Et c´est à ce moment précis où les Togolais ne savent plus où mettre de la tête, où la situation sur tous les plans, surtout sur le plan politique, reste totalement bloquée, et où tout le monde se demande de quoi demain sera fait sur la terre de nos aïeux, que le premier responsable du pays, au lieu de réfléchir à la recherche de solutions pour remettre le Togo sur les rails, en appelant par exemple les partenaires politiques, surtout ceux de la vraie opposition, autour d´une table, décide de jouer à la politique de l´autruche. Faire semblant que tout marche alors que notre pays est plus divisé que jamais, est d´une irresponsabilité politique indescriptible.

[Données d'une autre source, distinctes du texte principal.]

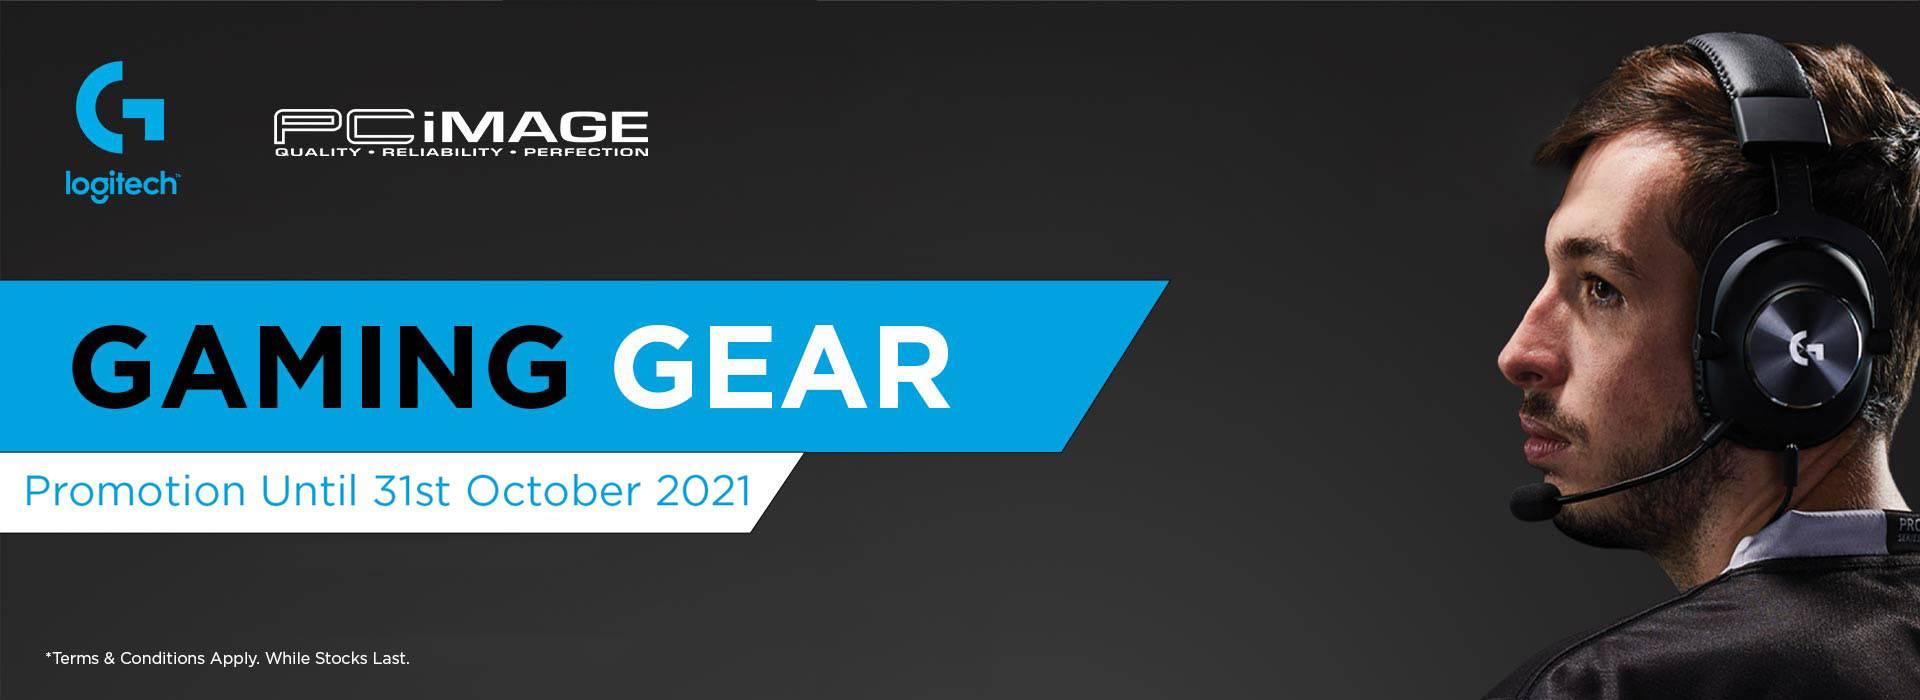 Logitech Gaming 31 Oct

On dirait une malédiction, ce que vivent les Togolais depuis plus d´un demi-siècle; ils sont en permanence victimes de toutes les privations et surtout de toutes les violations possibles et la dictature des Gnassingbé, à force de terreur impitoyable sur le peuple, continue à boire tranquillement son petit lait. Pauvres Togolais! Ils ont toujours eu des «hommes de la paix» pour prêcher la prétendue bonne morale chez les autres, pendant que la terreur et toutes les injustices possibles, sous la houlette d´une armée tribale, leur sont servies. Qui peut aujourd´hui parler des prisonniers politiques sans évoquer le cas de Kpatcha Gnassingbé à qui une évacuation sanitaire est refusée et qui peut à tout moment mourir en prison?

Les plusieurs dizaines de prisonniers politiques dont beaucoup sont déjà morts, des leaders de partis politiques de l´opposition comme Salifou Tikpi Atchadam, Messan Agbéyomé Kodjo et surtout le vieux prélat de plus de 90 ans, contraints à l´exil, parce que menacés de mort dans leur propre pays, des enseignants grèvistes radiés de la fonction publique sans autre forme de procès et toutes les autres injustices et violations que nous ne pouvons pas évoquer ici; voilà le lot qui fait de Faure Gnassingbé une référence de la sagesse politique qui peut parcourir l´Afrique et donner des leçons aux autres. Peut-il y avoir pire mesquinerie ou pire méchanceté que celle-là? Peut-il y avoir pire dédain pour son peuple que celui-ci? Pour qui Faure Gnassingbé et son régime prennent-ils au juste les Togolais?